Dataset content -
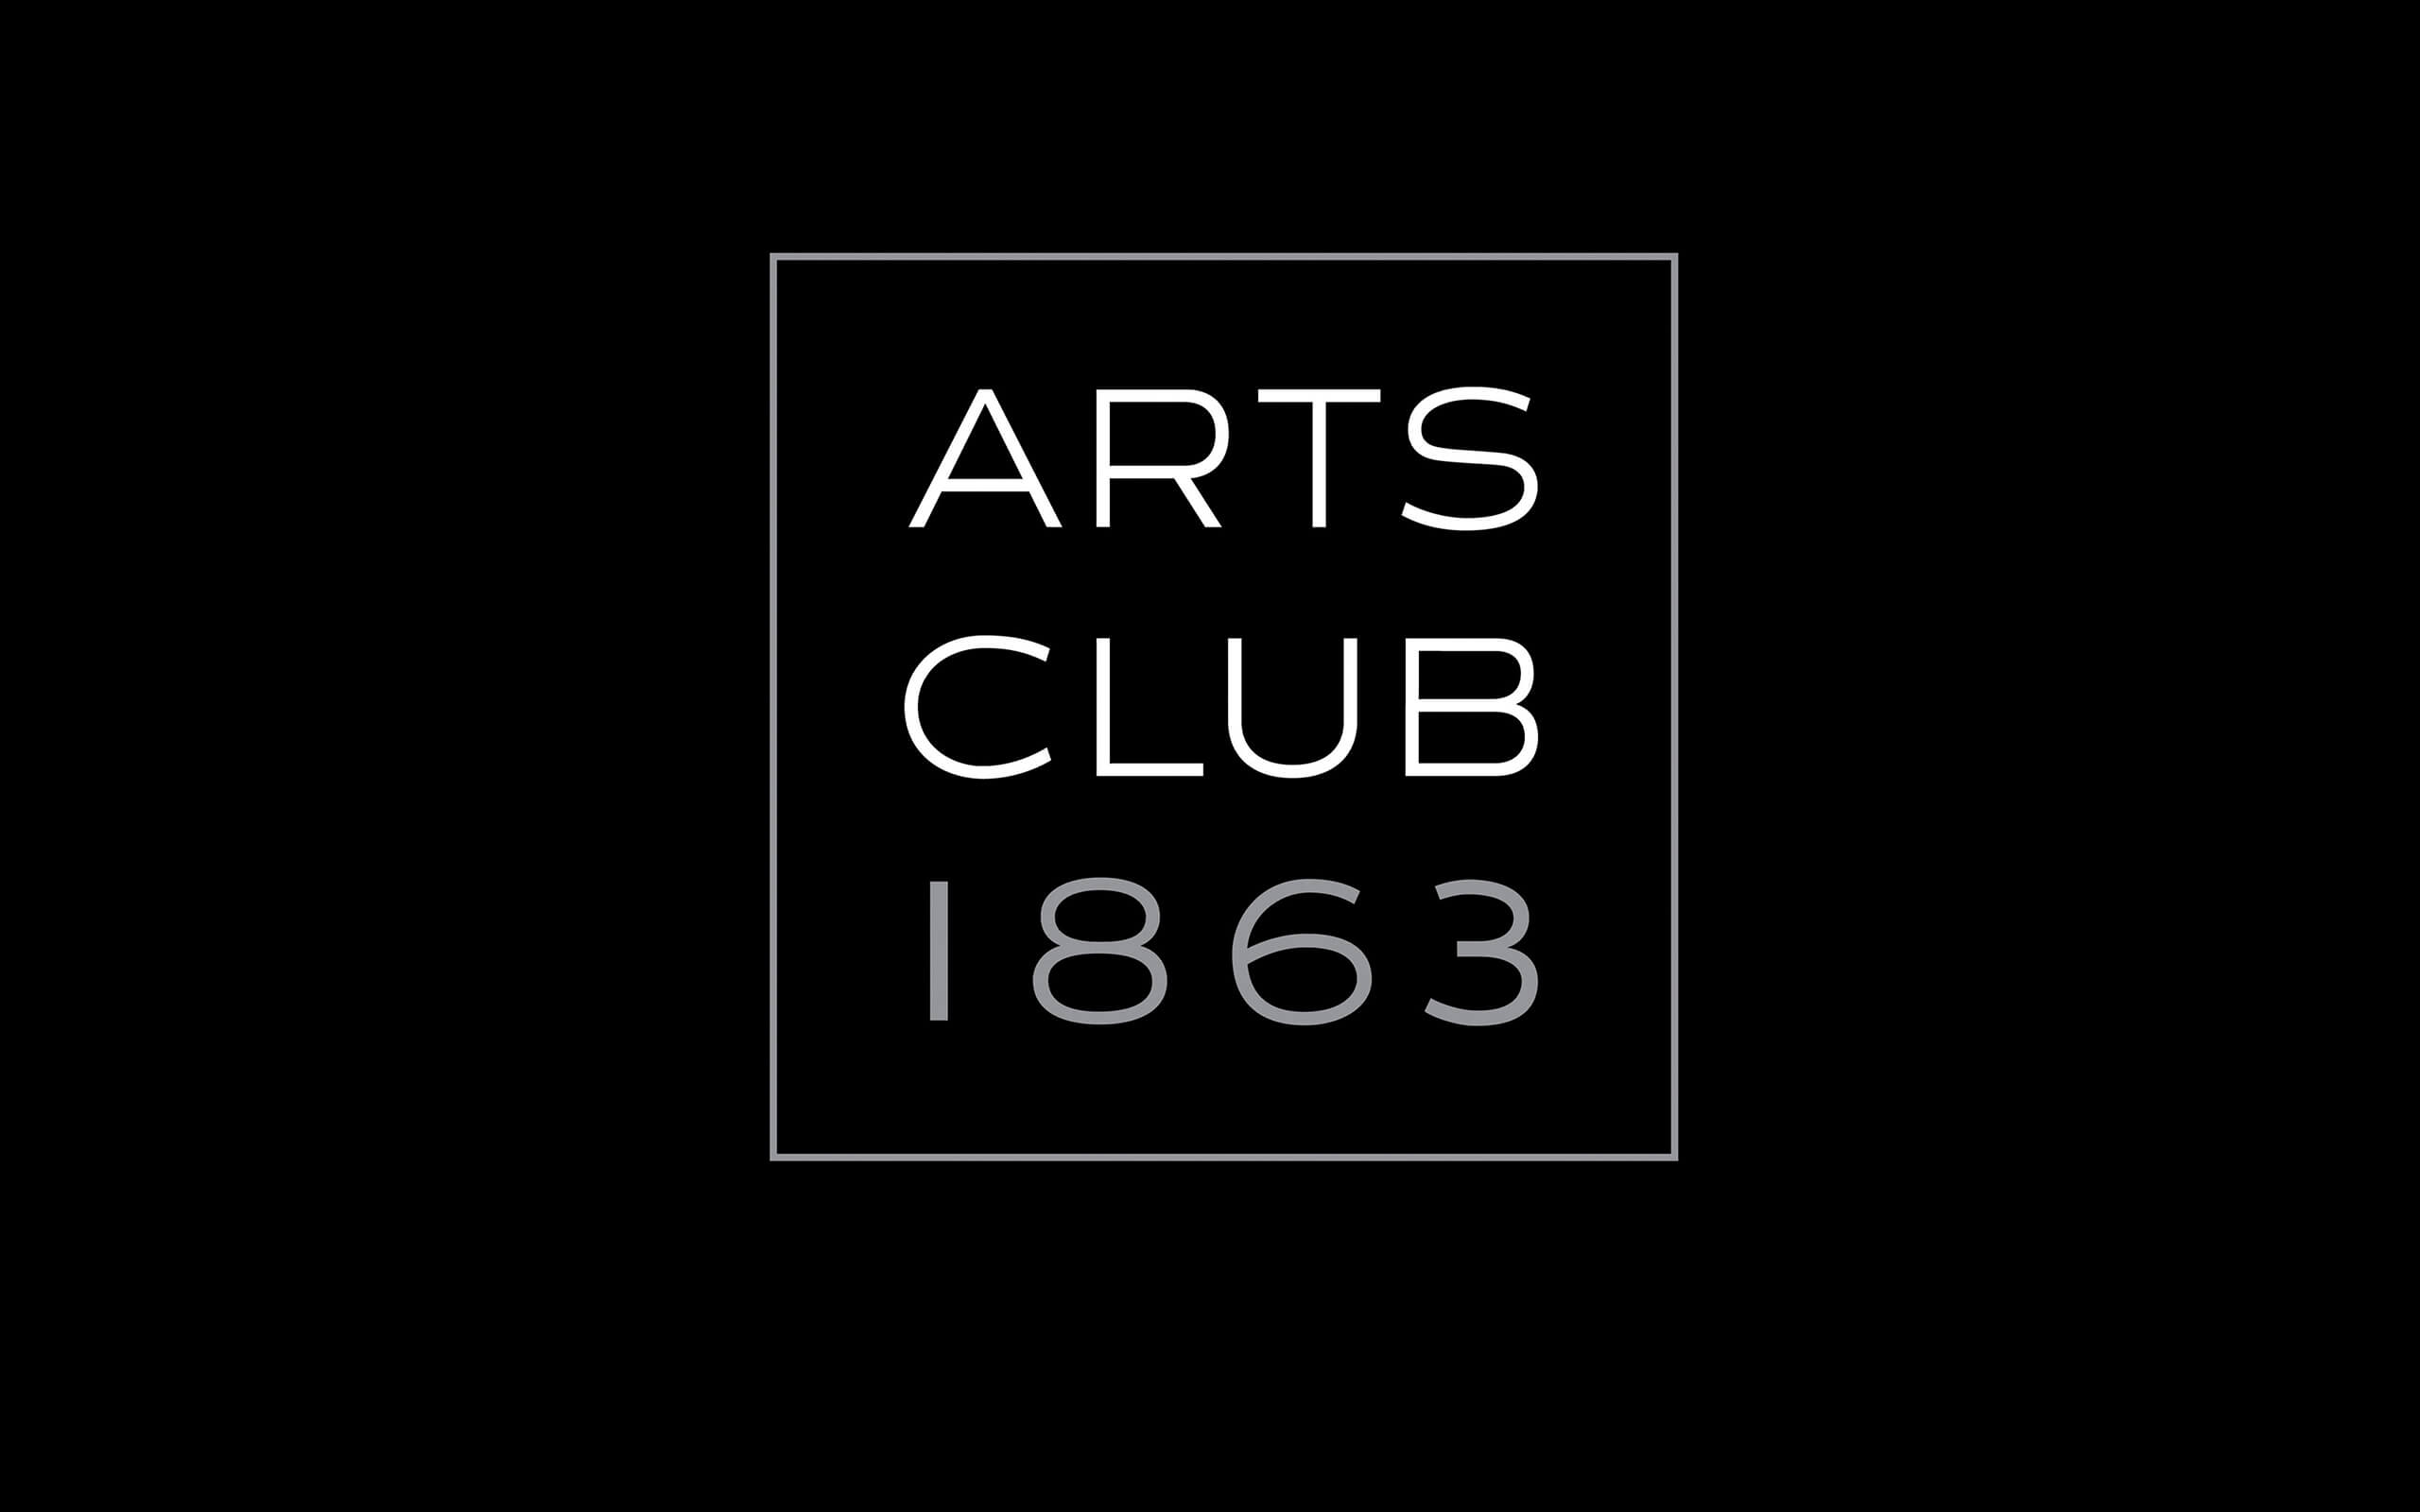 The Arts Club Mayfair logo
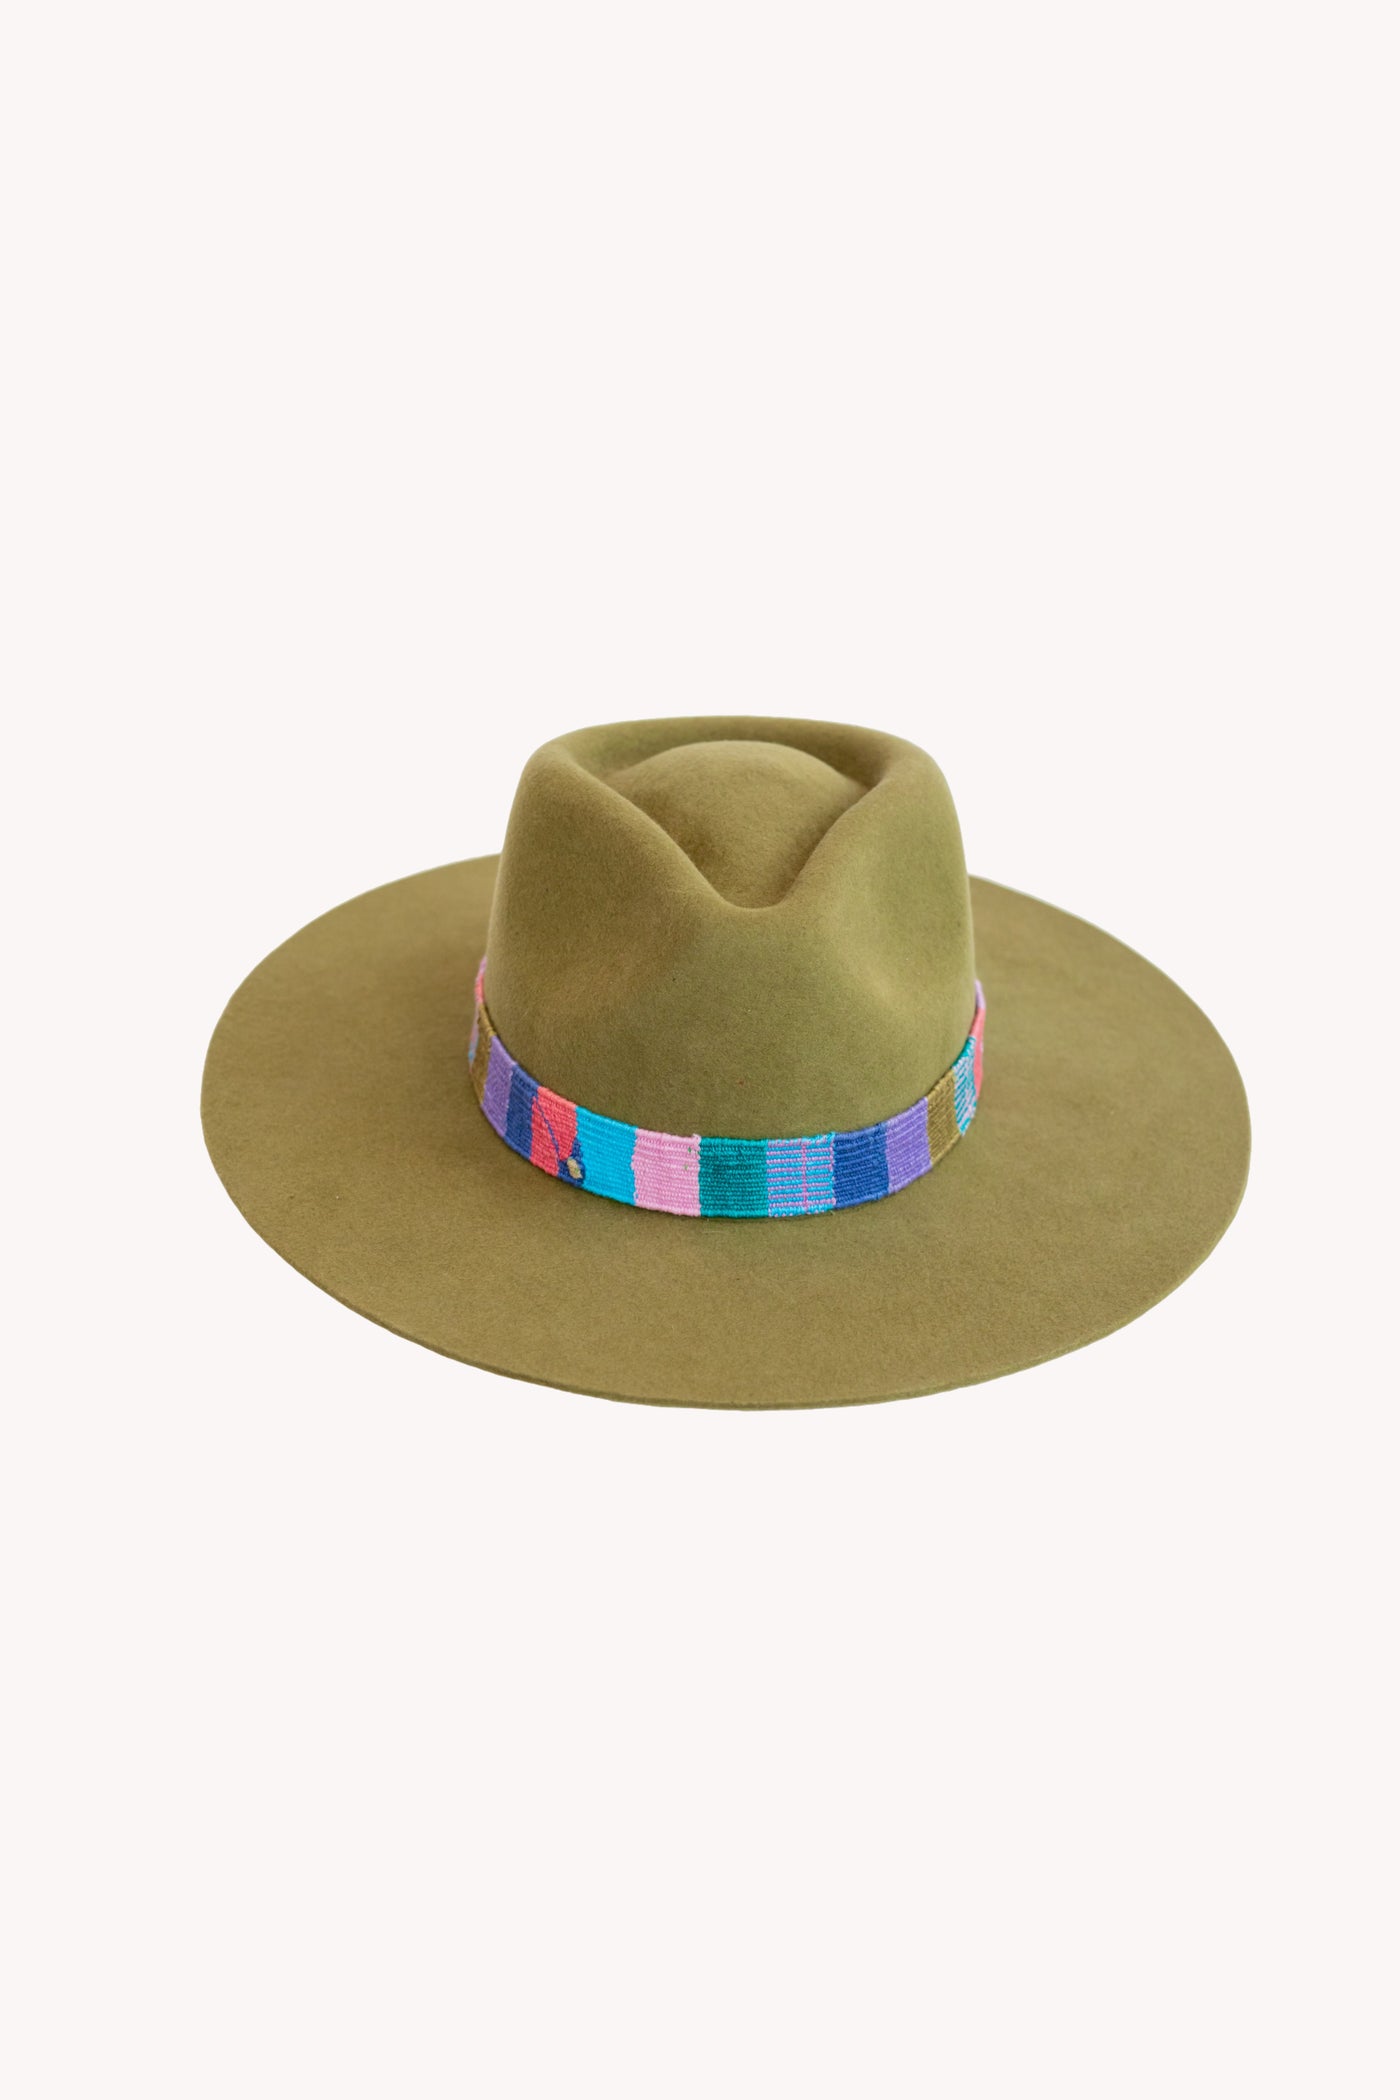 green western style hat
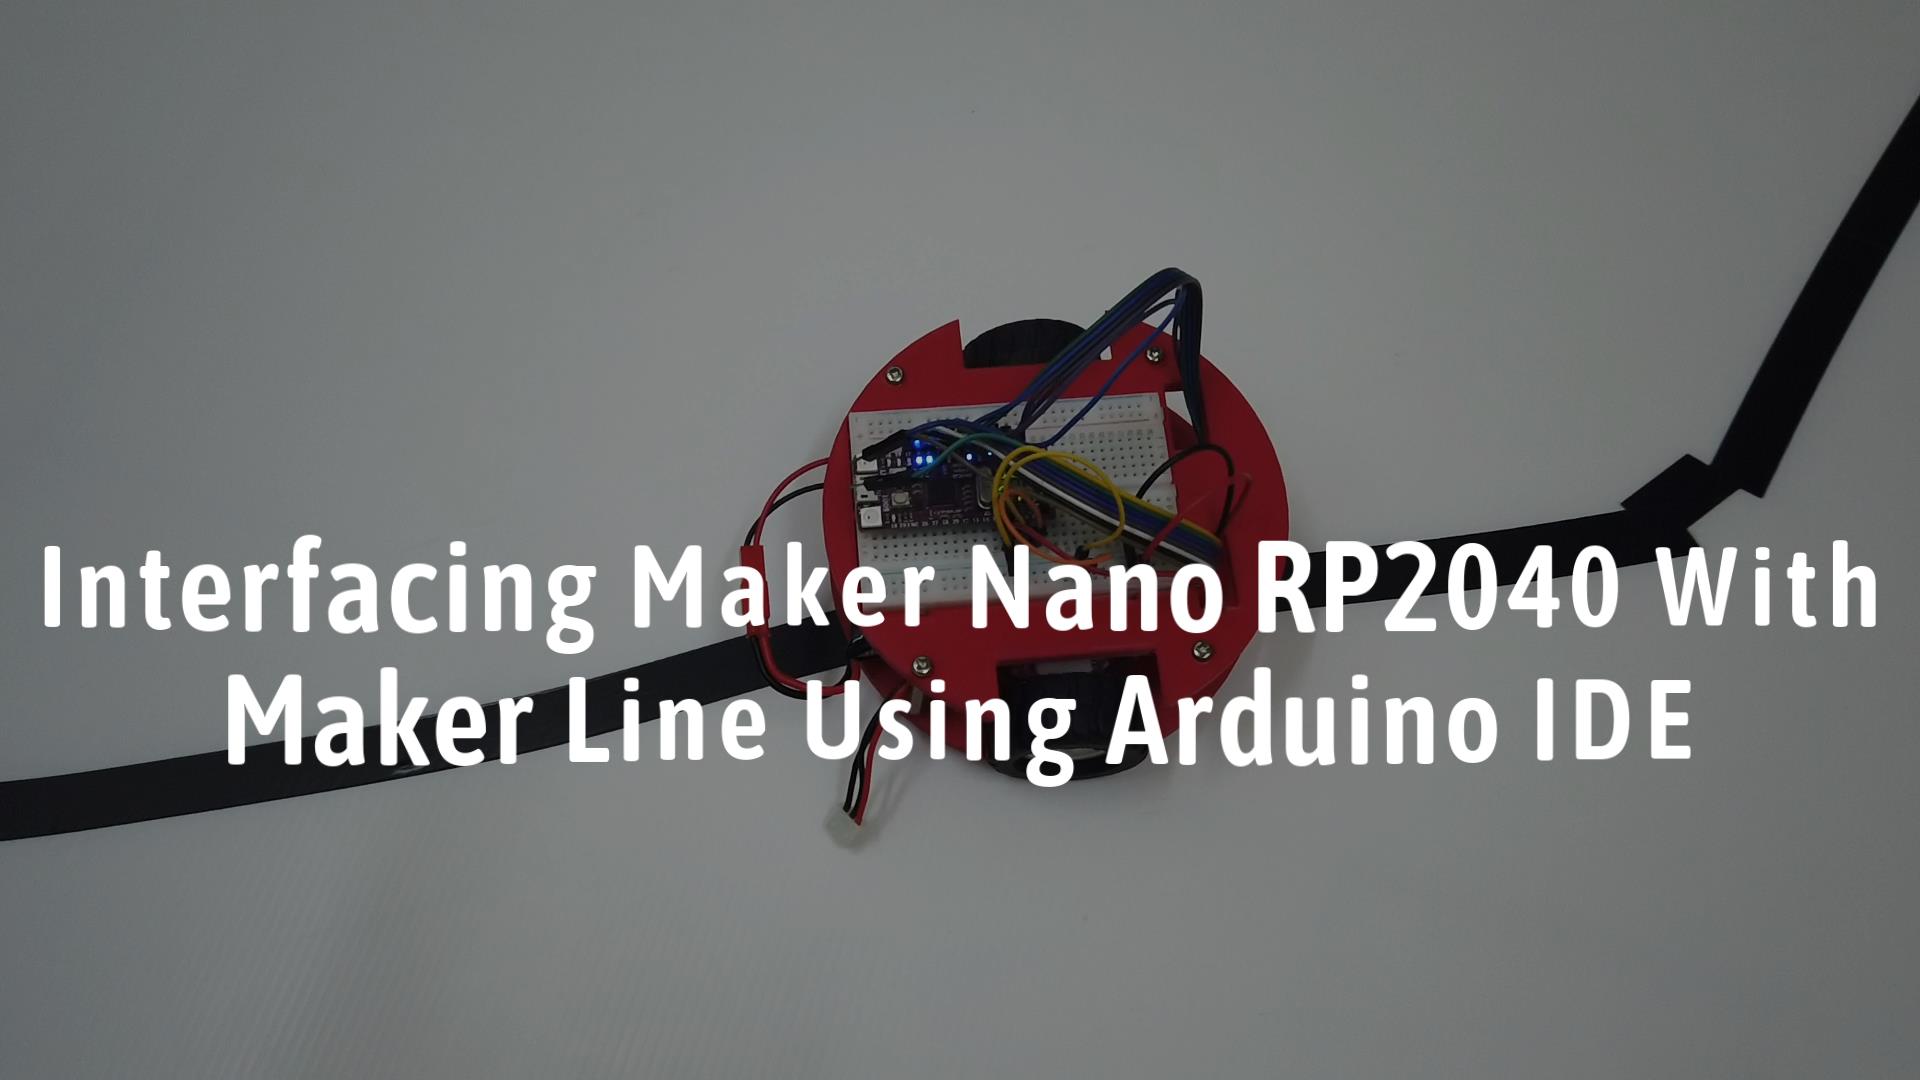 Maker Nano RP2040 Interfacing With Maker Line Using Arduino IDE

Your goal -
Retype all the data exactly; skip the pictures.

Written response -
 The Arts Club Mayfair logo
 green western style hat
 Maker Nano RP2040 Interfacing With Maker Line Using Arduino IDE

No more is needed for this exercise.